:: RAW DATA ::
- - -
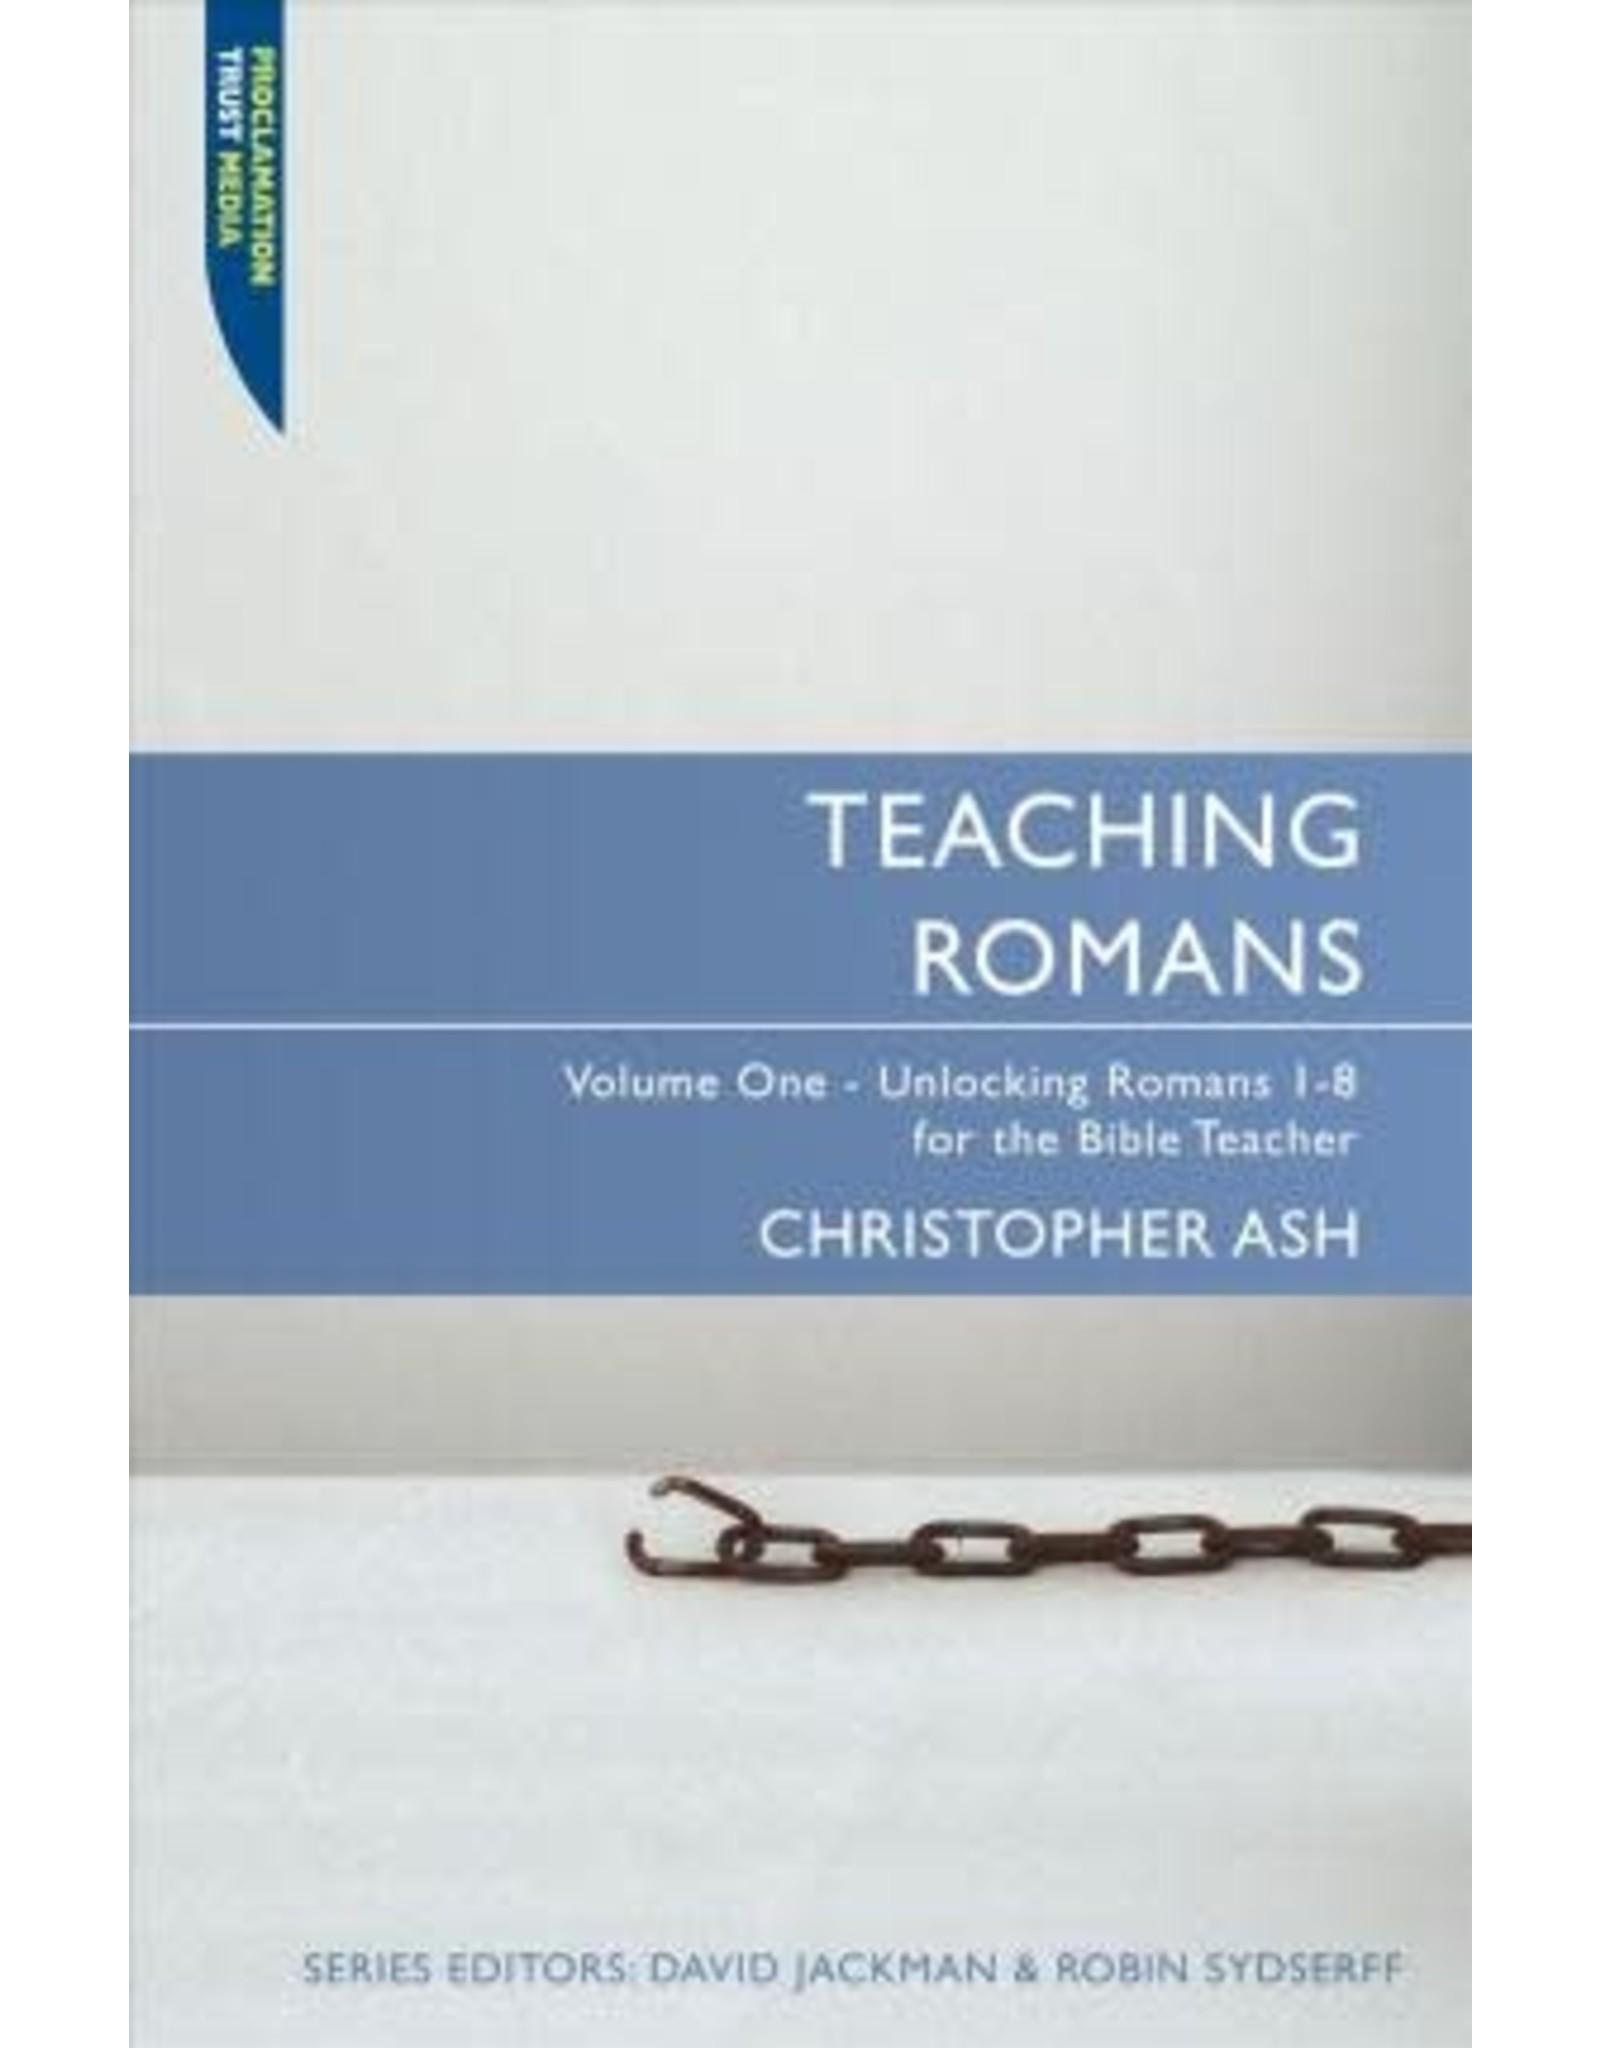 Ash Teaching Romans, Volume One
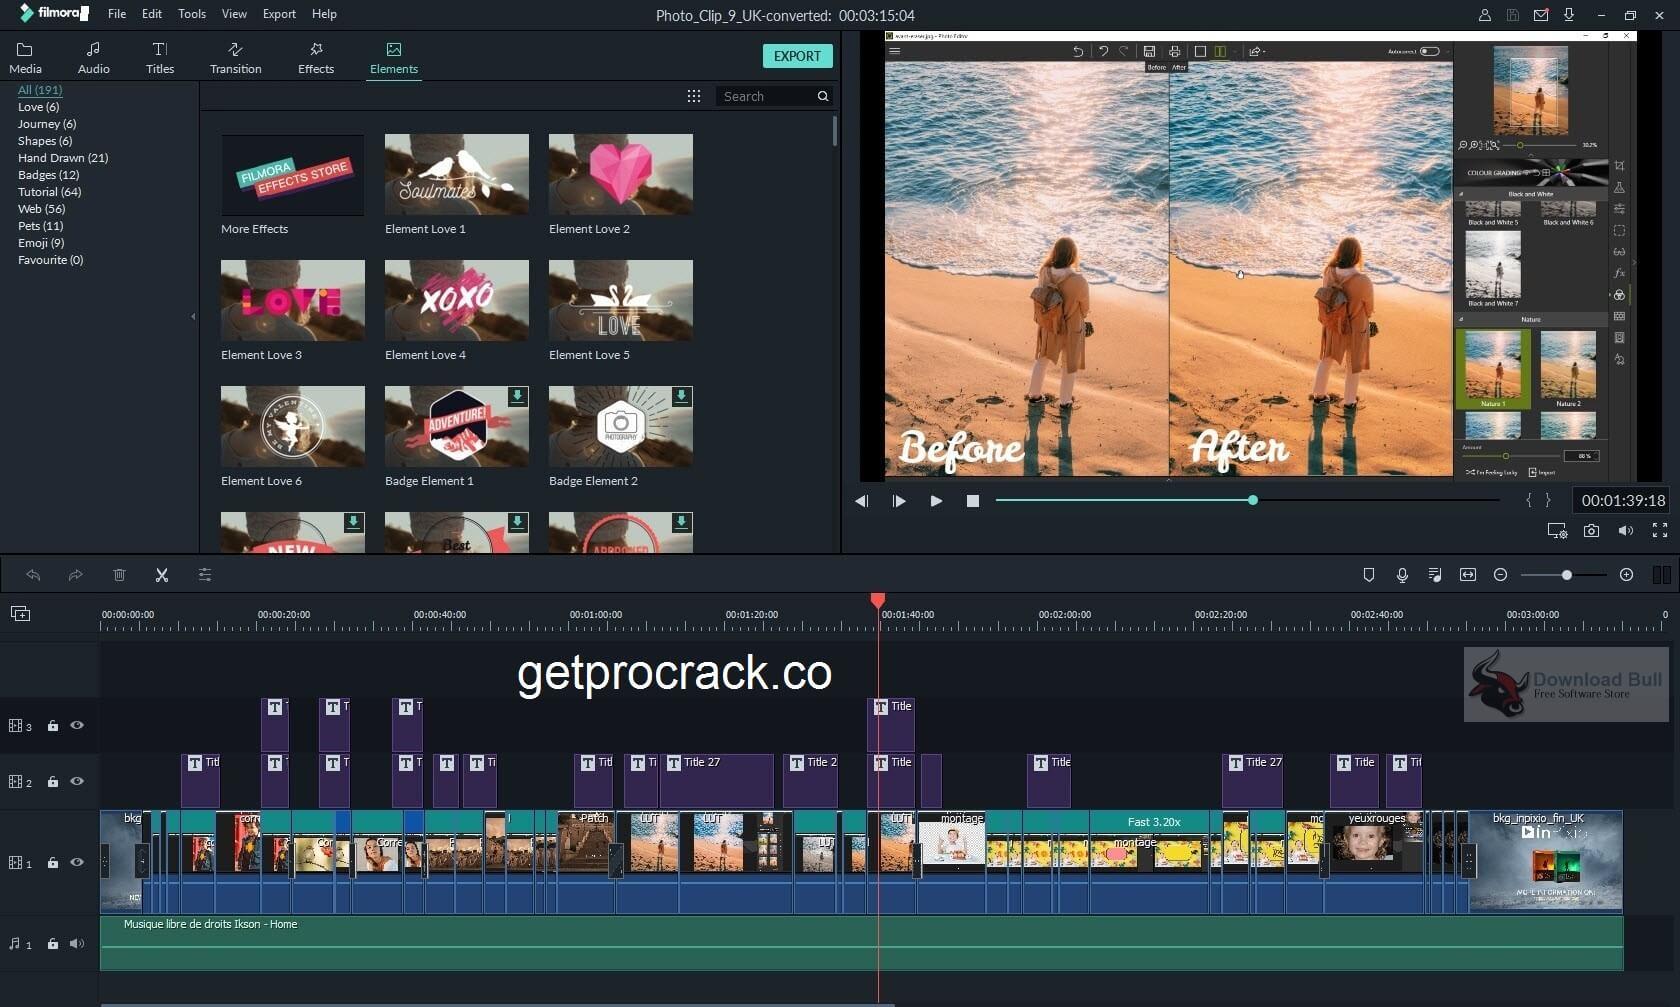 Wondershare Filmora 10.4.2.2 Crack & Serial Key [Latest] Free Download
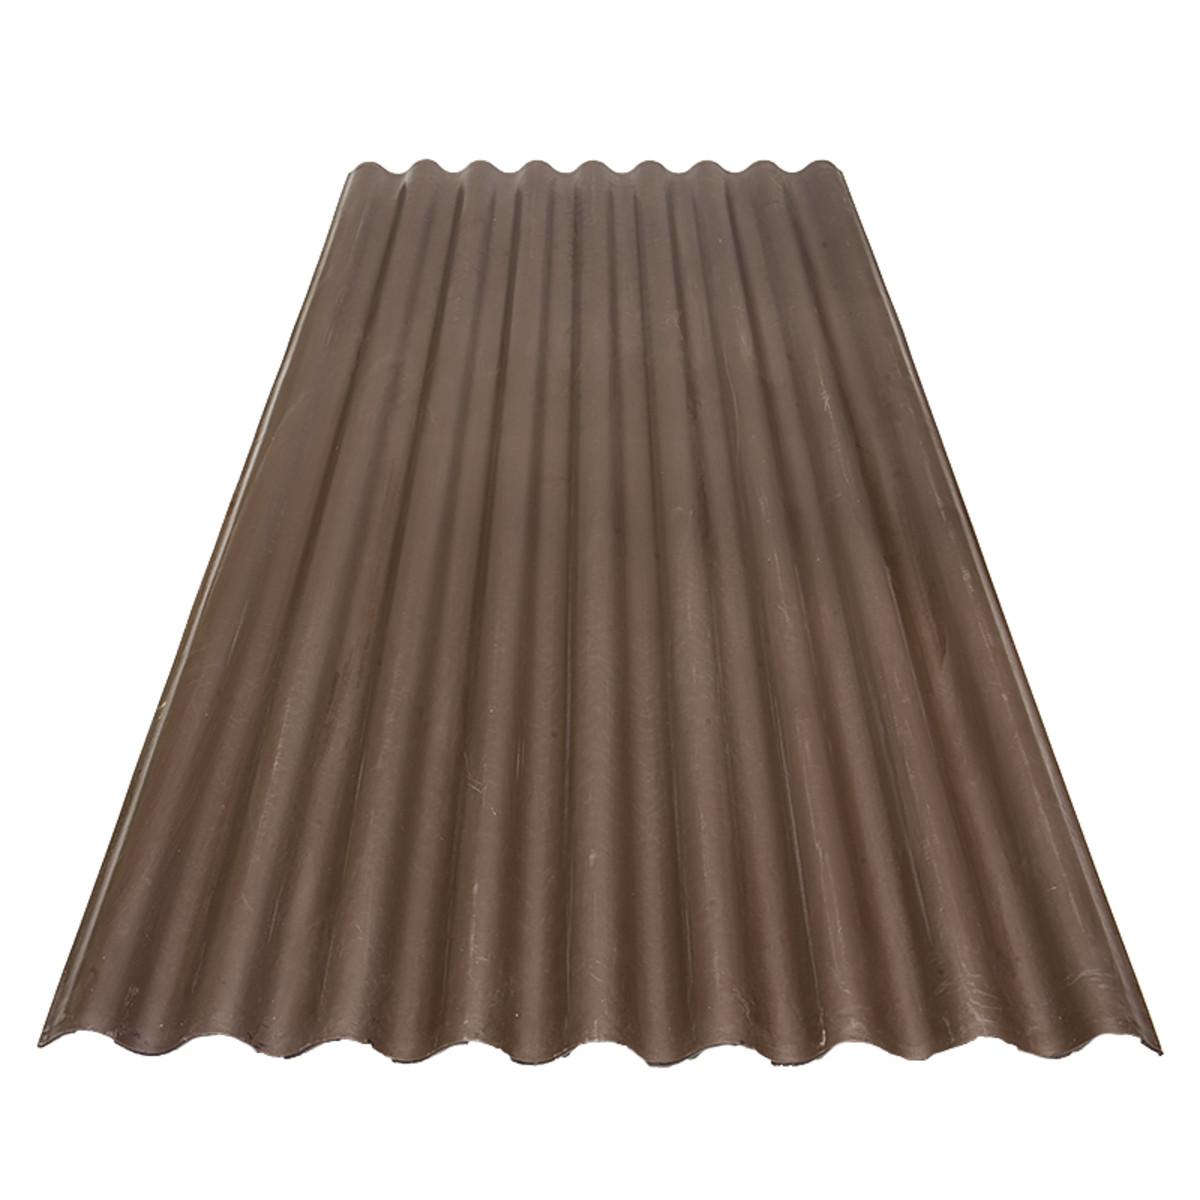 Лист Керамопласт 5x900x2000 мм цвет коричневый
- - -
:: TASK TO COMPLETE ::
The data should be printed again unchanged; leave its pictures out.

:: OUTPUT FOR THIS TASK ::
 Ash Teaching Romans, Volume One
 Wondershare Filmora 10.4.2.2 Crack & Serial Key [Latest] Free Download
 Лист Керамопласт 5x900x2000 мм цвет коричневый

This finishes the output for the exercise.